Il nous débite son laïus tel un automate. Expression figée, arabe littéraire, diction monocorde, fixation sur la question juridique. On a pris le pli maintenant. Assommant. (Il y a eu, à sa décharge, deux ou trois phrases en dialectal, une blague incompréhensible et un sourire). De programme, il n'y en a pas, et c'est lui-même qui le dit. Lui, c'est le potentiel futur président de la République ; celui qui a mathématiquement le plus de chance d'accéder à la magistrature suprême. Kaïs Saïed a daigné, enfin, donner sa première interview de candidat à la chaîne nationale. Kaïs Saïed est intègre, indéniablement. Il semblait sincère en exposant sa vision des choses. Une vision tantôt brouillonne, tantôt emplie de naïveté, le plus souvent utopique voire ubuesque. Est-ce que l'intégrité est la seule qualité dont un candidat devrait faire montre ? Quid de la compétence, d'une vision stratégique concrète, de la question économique, d'une posture d'homme d'Etat ? A l'issue de cette interview, qu'a-t-on réellement retenu ? Un candidat qui ne maîtrise pas grand-chose, si l'on exclut le droit constitutionnel (et encore !) qui parle dans le vague sur les politiques étrangère et économique. Pas très rassurant. Mais ce qui l'est, peut-être, c'est que Kaïs Saïed s'engage à respecter les lois et la constitution et ne compte pas imposer, à titre d'exemple, son projet de changement de régime. Sachant qu'il n'aurait probablement pas les moyens parlementaires pour le réaliser, il assure qu'il s'inclinera et continuera à siéger tranquillement à Carthage. Alors ceux qui nous cassent les oreilles à longueur de journée que Kaïs Saïed sera la solution à tous nos problèmes, le dépeignant comme le messie sauveur du peuple, qu'ils nous épargnent leurs envolées lyriques et qu'ils descendent sur terre.

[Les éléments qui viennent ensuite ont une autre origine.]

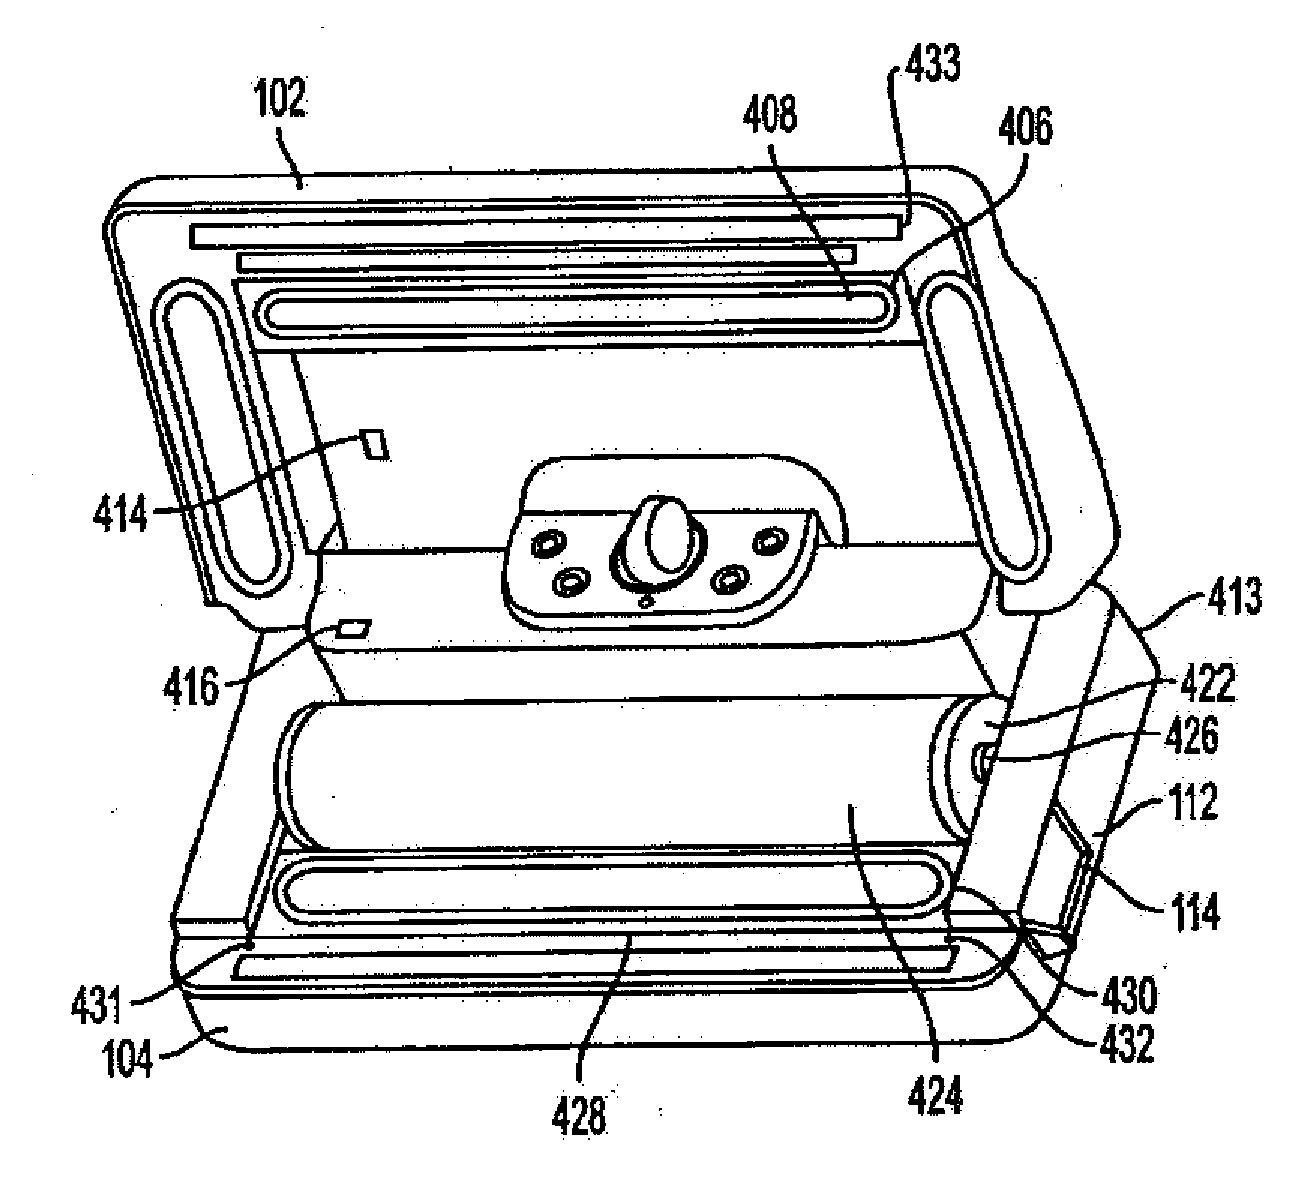 Heat sealer with algorithm for regulating sealing temperature

Kaïs Saïed sera un président rassembleur et fédérateur, il l'a dit et promis. Il œuvrera aussi à ce qu'il n'y ait aucun retour sur les libertés et les droits acquis de la femme. Il se veut rassurant. Mais peut-on être rassembleur et fédérateur lorsqu'on exclut de l'équation la question des droits humains ?
Une société ne peut évoluer qu'en ayant une impulsion politique derrière. Ancrer les principes des libertés individuelles dans une société ne se fait pas des bases, mais d'une volonté politique d'instaurer un progrès social par des réformes. Pour Kaïs Saïed, la question ne se pose pas. Il n'y aura pas de retour en arrière certes, mais pas de bond vers l'avant. Puisque le bon peuple ne le demande pas, gardons le statu quo !
Les droits humains et les libertés sont indivisibles et interdépendants. Quand on est contre l'égalité entre les femmes et les hommes en préférant plutôt invoquer l'équité pour botter en touche, on se positionne en dehors de cette configuration. On fait montre d'un conservatisme réactionnaire. Quand on « caricaturise » publiquement la question de l'homosexualité en déclarant qu'un homme n'aimerait pas se voir demander la main de son fils par un autre homme (sic.), on n'a plus le droit de s'ériger en défenseur de la justice et de l'équité. Les droits humains qu'ils soient politiques ou civils sont indivisibles parce qu'en améliorant l'un on fait progresser l'autre. On ne peut donc dissocier le droit au développement, l'égalité devant la loi, la liberté d'expression, le droit à la vie ou les droits économiques et sociaux. Les droits humains constituent un cadre global. C'est un tout. Ils sont interdépendants parce que chaque droit acquis est nécessaire pour la réalisation d'un autre. S'il y a violation, elle aura des conséquences intrinsèques. Cela Kaïs Saïed semble l'omettre.
Après, qu'un candidat affiche des positions rétrogrades, mais qui s'engage tout de même à respecter les lois, ça peut à la limite s'accepter. Ce qui l'est moins, c'est qu'une certaine gauche, qui se targue de son militantisme pour les droits humains, soutienne ce même candidat. Une aberration.